:: Brief ::
Please print the listing that follows word for word, but skip any pictures it holds.

:: Given material ::

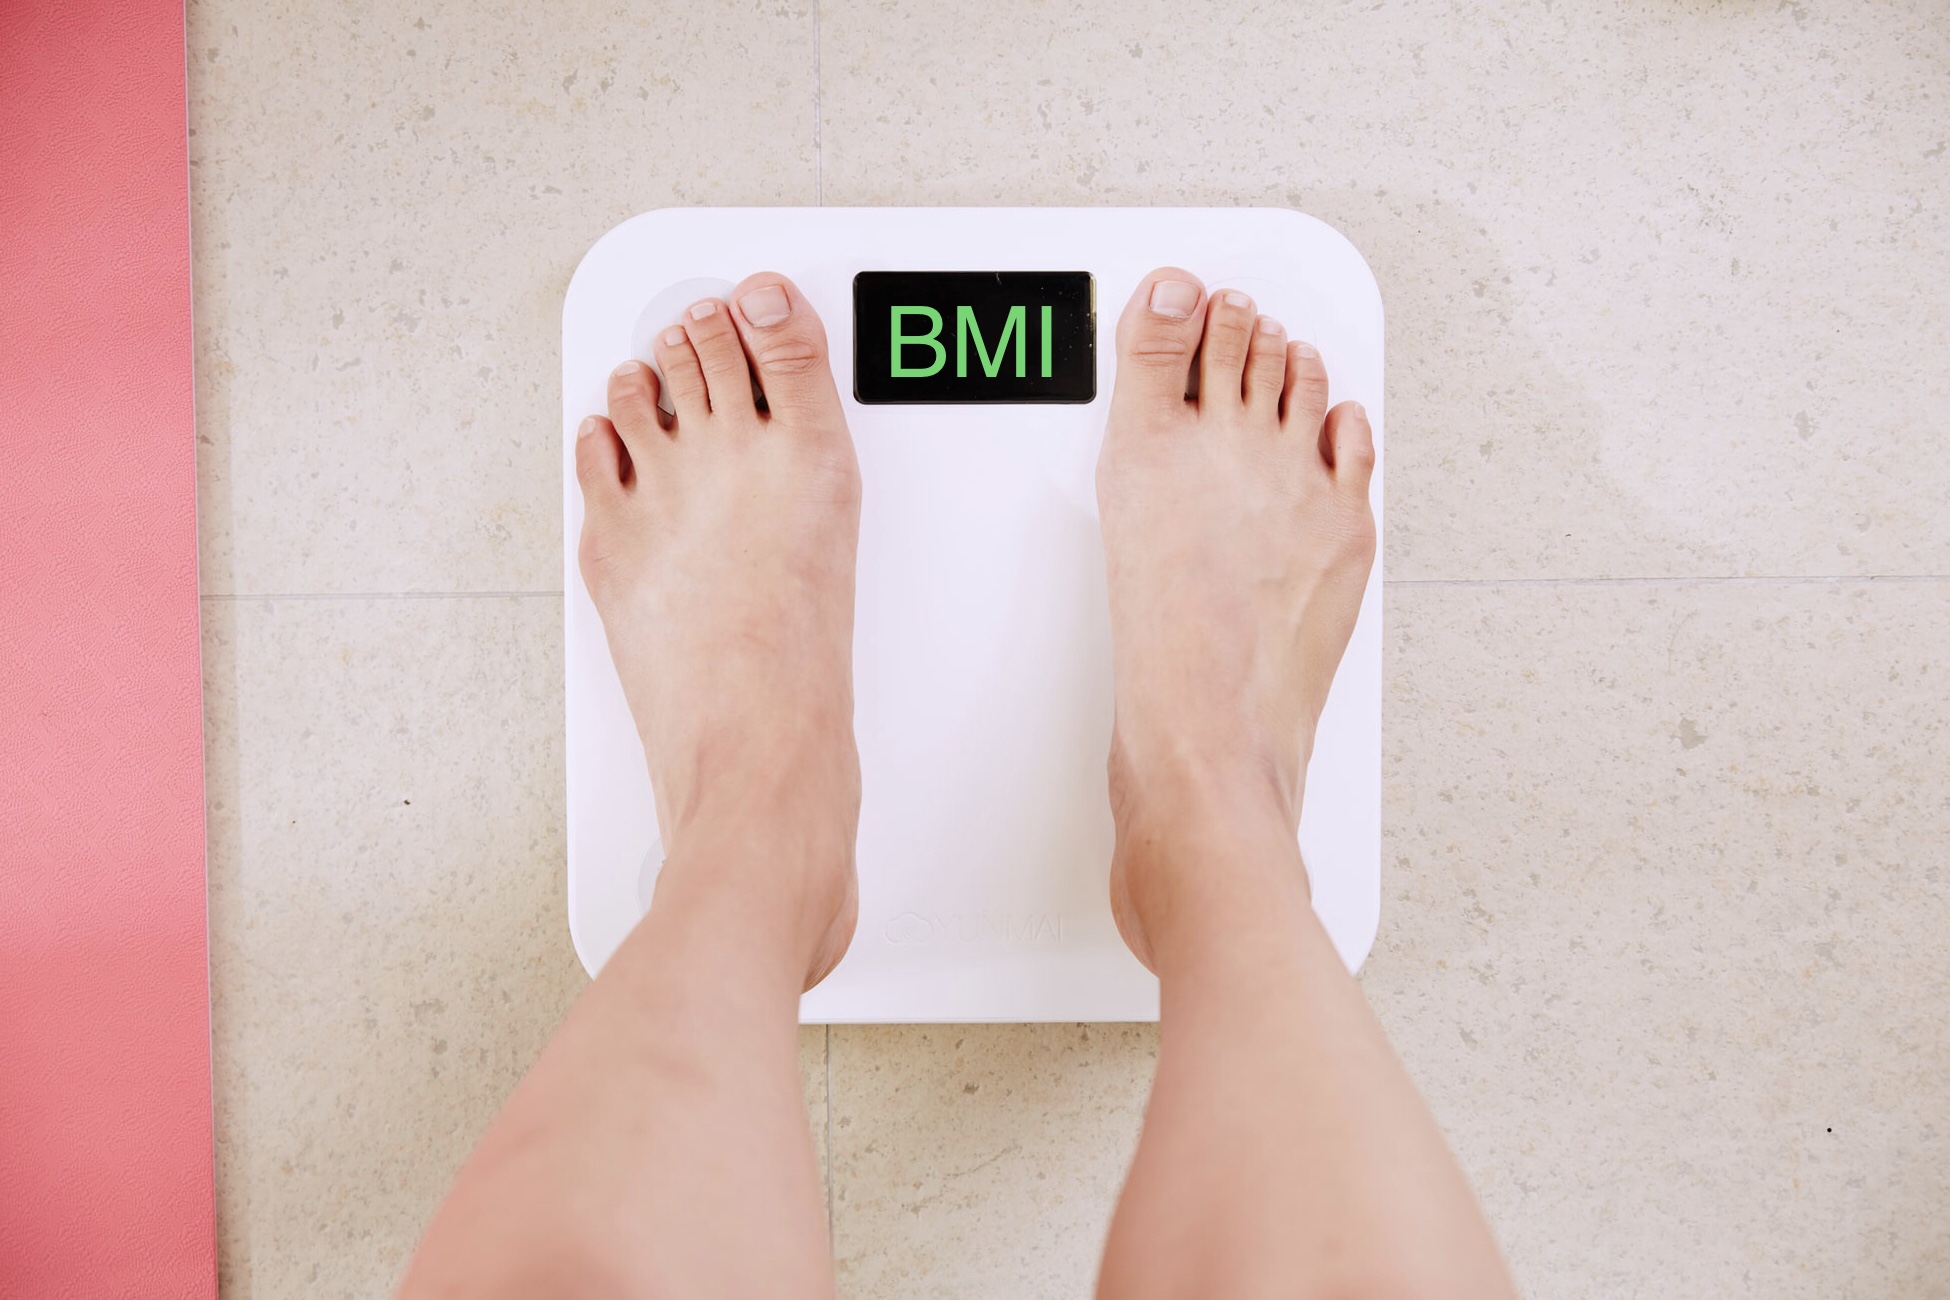 Healthy body weight is defined as a normal body mass index (BMI), which is between 18.5 and 24.9.
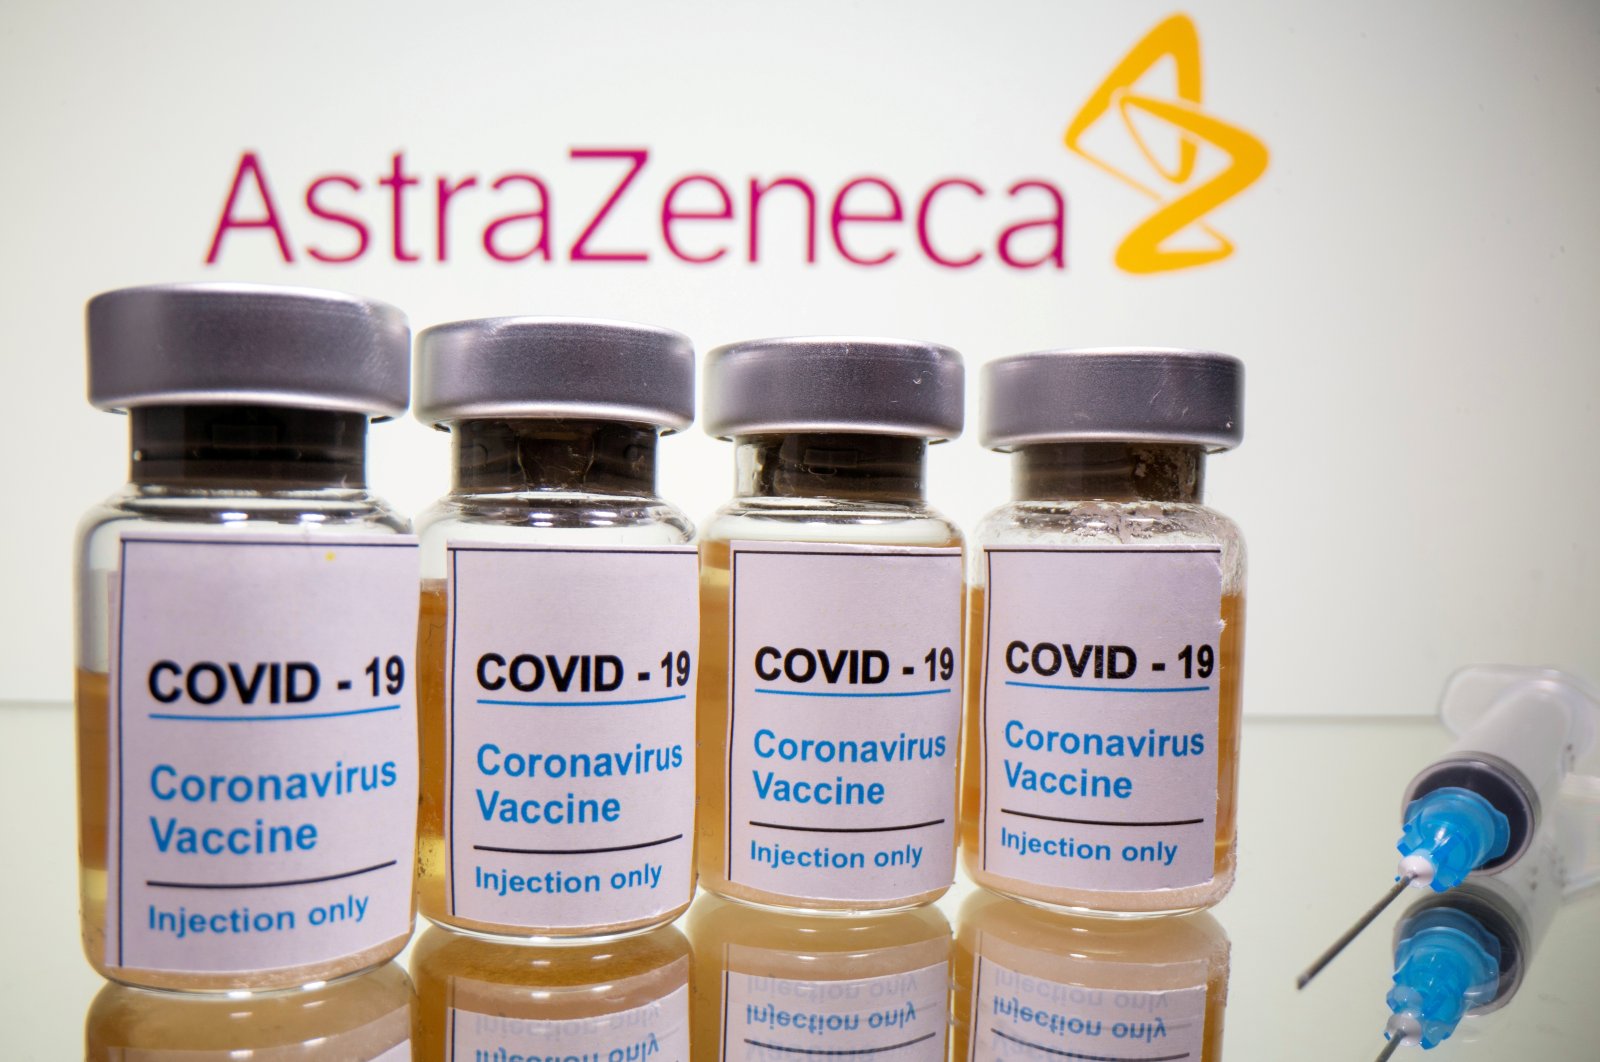 Vials with a sticker reading, "COVID-19/Coronavirus vaccine/Injection only" and a medical syringe are seen in front of a displayed AstraZeneca logo in this illustration taken Oct. 31, 2020. (Reuters Photo)
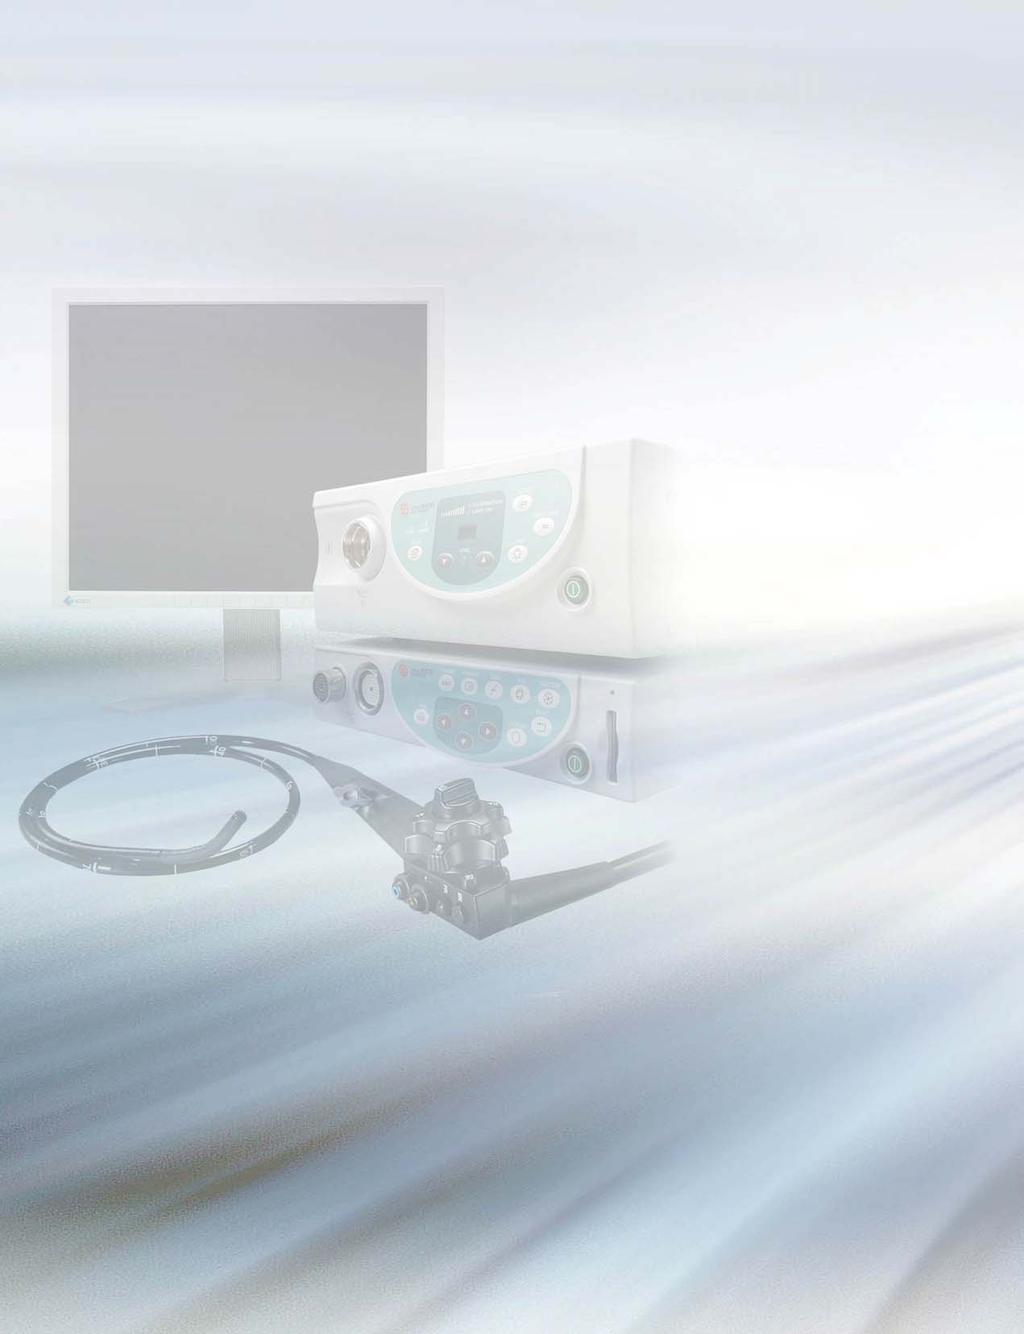 The next generation of endoscopic diagnosis has arrived with Fujinon's new EP

:: Task result ::
 Healthy body weight is defined as a normal body mass index (BMI), which is between 18.5 and 24.9.
 Vials with a sticker reading, "COVID-19/Coronavirus vaccine/Injection only" and a medical syringe are seen in front of a displayed AstraZeneca logo in this illustration taken Oct. 31, 2020. (Reuters Photo)
 The next generation of endoscopic diagnosis has arrived with Fujinon's new EP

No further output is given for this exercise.